Replicability across brain measures

In addition to between-dataset differences, we examined the replicability of clustering structures across different brain measures within a dataset. The two-cluster solution was replicated across cortical area, cortical thickness, cortical volume, and subcortical volume; However, the participant membership to the clusters was only partially replicated between subcortical volume and cortical thickness, and surface area and cortical volume, but not at all among other pairs of measures. The misalignment between cortical thickness and surface area is not surprising given that these features are suggested to be genetically distinct determinants of cortical structure [51]. Further, the finding of replicability between cortical volume and surface area is consistent with the suggestion that interindividual variation in gray matter volume is largely driven by differences in surface area rather than the cortical thickness [52]. The dissociation between cortical thickness and surface area is particularly important to studies of subgroup structure in neurodevelopmental conditions that integrate multiple measures of cortical morphology. Given that these measures reflect different genetic mechanisms, clustering based on each individual measure may be advantageous to reveal subgroups that share differences in these mechanisms.

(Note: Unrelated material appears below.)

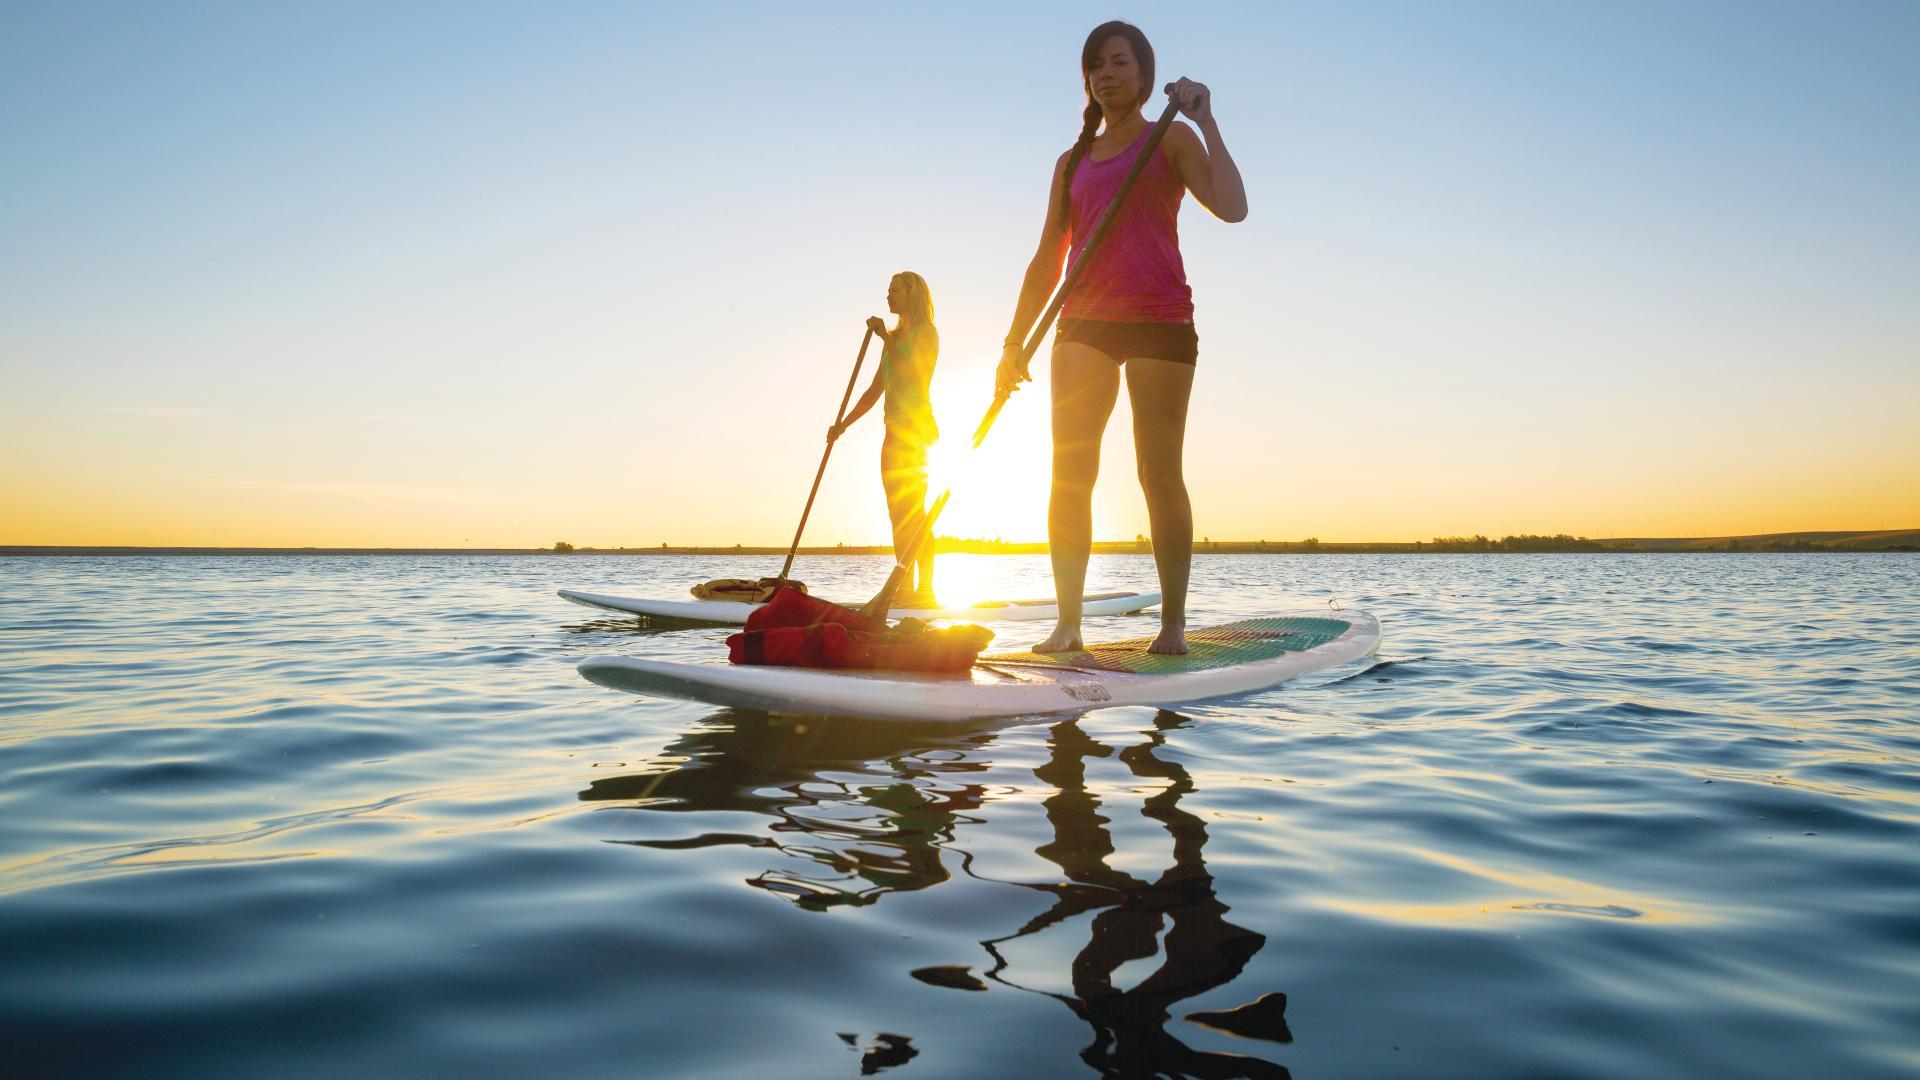 Enjoy non-motorized boating on the Aurora Reservoir

Replicability and sex differences

Given the known sex-differences in the neurobiology and phenotypic expression of neurodevelopmental conditions [53], we disaggregated our results by sex. There was high replicability between male and female datasets in the principal component decomposition of the brain measures, overall clustering structure, lack of alignment with the diagnostic labels, and brain signatures of clusters. In terms of brain-phenotype association, replicability was found in HBN, but not POND. It is important to note that overall, we observed higher variability in the female dataset. This may suggest larger variability in neurobiological characteristics or may be the result of our smaller sample size for the female subsets.

Strengths and limitations

This study has several strengths, including our large sample sizes across both datasets. At the same time, there was lower representation of females, matching the expected prevalence in autism and ADHD. This may have limited our ability to detect female-specific patterns. Additionally, our phenotypic measures were limited by what was available in both POND and HBN sets. It may be possible that brain-behaviour associations can be found in other measures of function or cognition (e.g., response inhibition, memory, affect recognition).

Conclusions

To our knowledge, this is the first study of clustering replicability in structural brain measures across neurodevelopmental conditions. We found evidence of replicability of the clustering structure across two independent datasets; however, when examining replicability across brain measures, only replicability across cortical thickness and subcortical volume, and surface area and cortical volume were strongly supported by our results.